What is Normal Distribution?
Normal distribution is the data distribution that you get when the data is clustered around the center (mean) of the data and extends towards both sides almost symmetrically. This means, maximum number of data points are at the center of the range of your data set as compared to both ends of the range.
Weights of students in a class
Let us take a simple example of weights of students in a particular class with 50 students. Most of the students will normally have approximately the same weight. This would be close to the average or mean weight of the class. There would be a few students who are overweight and a few who are underweight.
If you actually collect such data, you will get something similar to the below table.
42.9 | 46.5 | 48.1 | 48.8 | 49.7 |
44.4 | 47.3 | 48.2 | 48.9 | 49.7 |
44.5 | 47.4 | 48.3 | 49.1 | 50.0 |
44.6 | 47.6 | 48.4 | 49.2 | 50.4 |
46.4 | 47.7 | 48.7 | 49.3 | 50.4 |
50.4 | 51.0 | 51.2 | 51.7 | 53.1 |
50.4 | 51.0 | 51.4 | 51.9 | 53.4 |
50.6 | 51.1 | 51.4 | 52.1 | 53.6 |
50.7 | 51.2 | 51.6 | 52.2 | 54.8 |
50.7 | 51.2 | 51.6 | 53.1 | 56.4 |
Observations from the Weights Data
If you carefully observe or even better, plot a histogram using the above data, you will see the below points;
- The average weight of the class if 49.9, very close to 50.
- The weights are clustered around this mean – 33 students weigh between 48 and 52 kgs out of 50 students
- There are only 3 students with weight less than 46 kgs, just one less than 44 kgs
- Similarly, there are only 2 students who weigh more than 54 kgs, just one above 56 kgs
Below table shows the frequency of data points and the graph shows the histogram of the above data.
Intervals | Weight Frequency |
42 kgs to 44 kgs | 1 |
44 kgs to 46 kgs | 2 |
46 kgs to 48 kgs | 6 |
48 kgs to 50 kgs | 13 |
50 kgs to 52 kgs | 20 |
52 kgs to 54 kgs | 6 |
54 kgs to 56 kgs | 1 |
56 kgs to 58 kgs | 1 |
Such a data set is said to be normally distributed.
Parameters of Normal Distribution
Any probability distribution usually is defined by some key parameters. These parameters go on to define the shape and hence the distribution of the data.
For Normal distribution, Mean and Standard deviation are such parameters. The shape of your normal distribution will depend on the mean and the standard deviation of your data set. Let’s see how!
Mean
Mean is the mathematical average of the data. It is the sum of all data values in your data set divided by the total number of values you have in the data set.
Mean is used the represent the central tendency of the data.

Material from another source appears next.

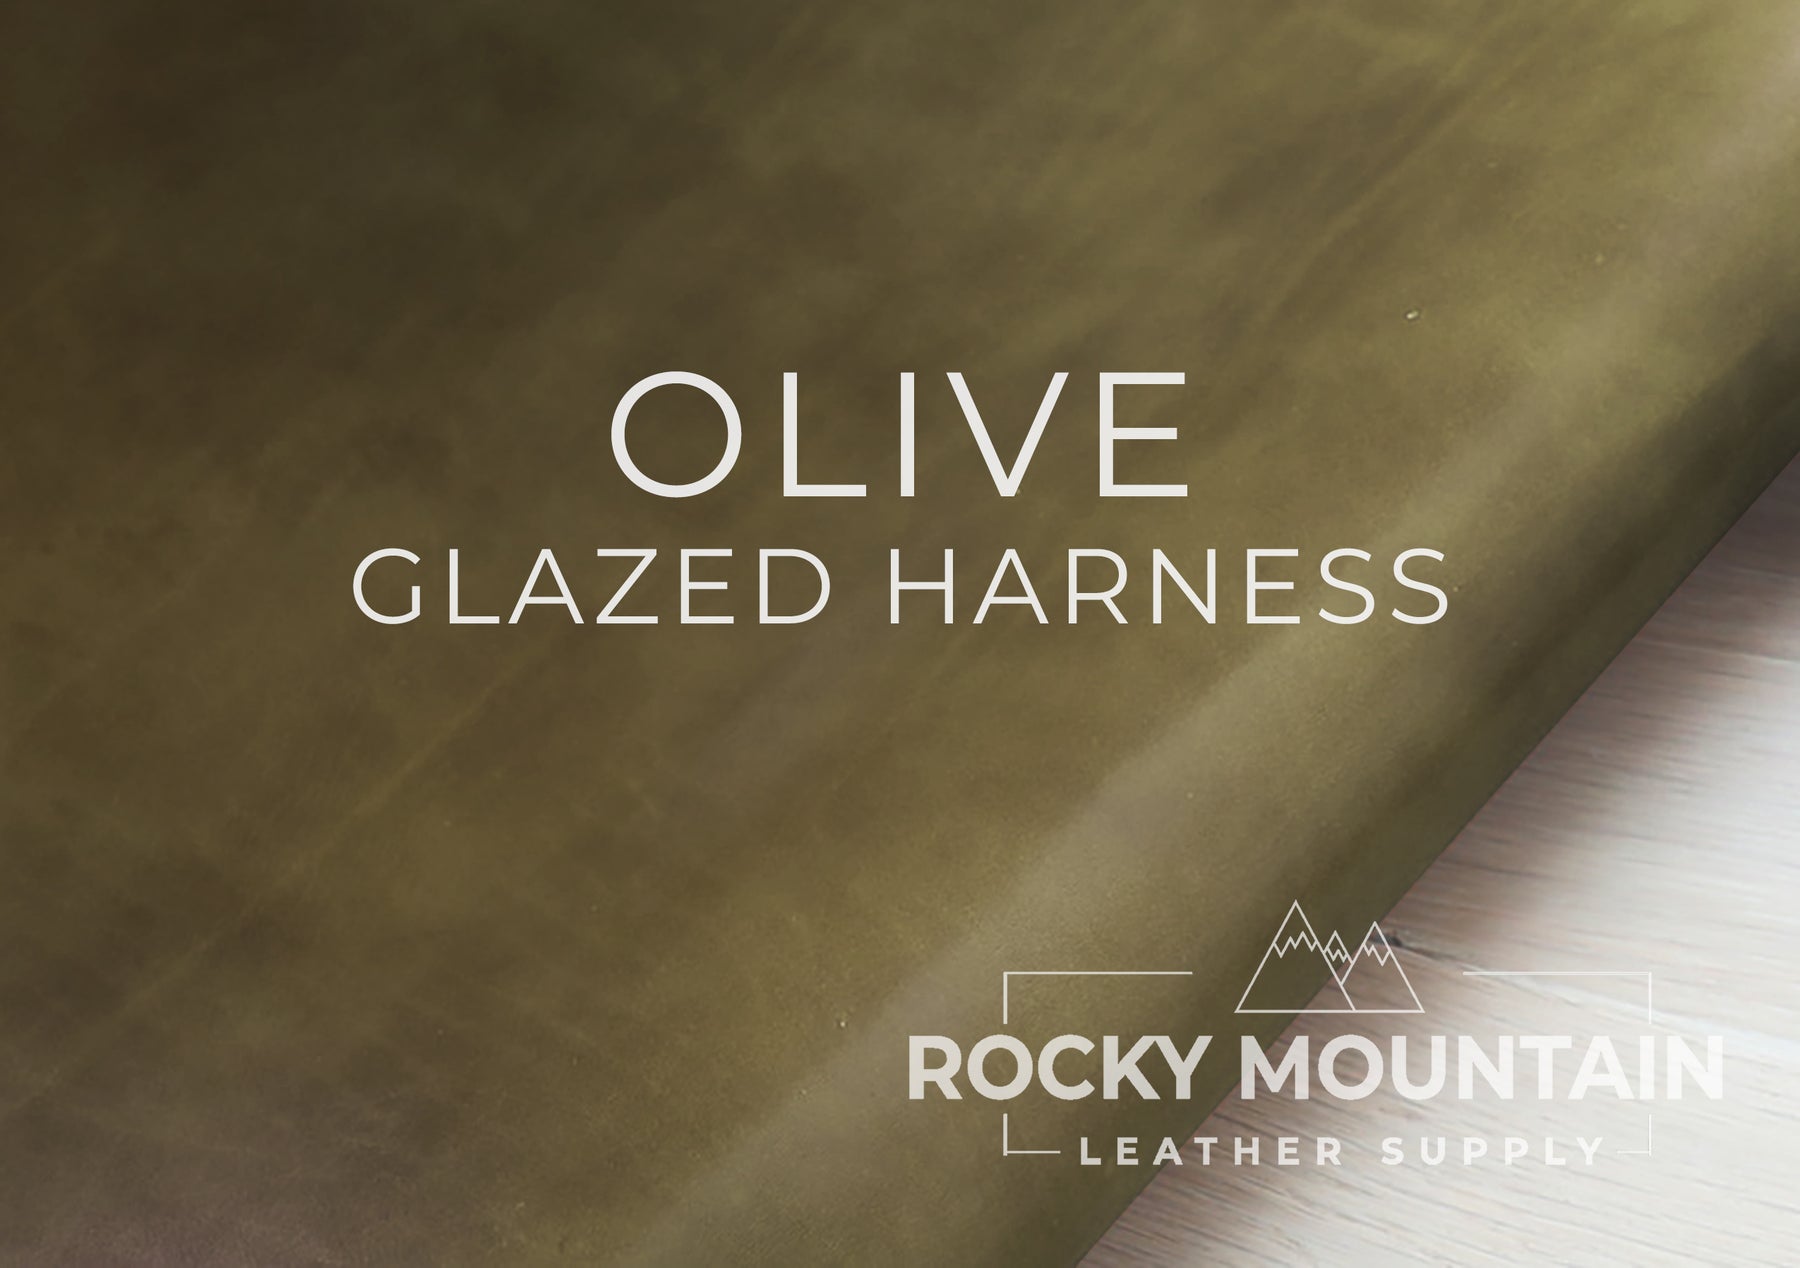 Wickett & Craig 🇺🇸 - Glazed Harness - Veg Tanned Leather (HIDES)

As discussed earlier, most of the values in the normally distributed data will be clustered around the mean. In terms of probabilities, the probability of a value being close to the mean is way more than the probability of a value falling farther away from the mean.
The shape of the normal curve will change when the mean of the data changes. The whole normal distribution curve will move to the left or right depending on the change in the mean.
Standard Deviation
Standard deviation is the measure for variation in your data. It essentially represents how close or distant the data values are spread from the mean value. Hence, standard deviation dictates the width of your normal distribution curve.
Related Post : What are the measures of Variation?
When the standard deviation is small, the curve is tall and narrow. And when the standard deviation is big, the curve is short and wide. Look at the below image depicting the same.
Thus, the actual shape of your normal distribution curve will depend on these 2 parameters, mean and standard deviation.
Now that we understand what normal distribution is and how the shape of the curve varies based on mean and standard deviation, let us take a look at some of its characteristics.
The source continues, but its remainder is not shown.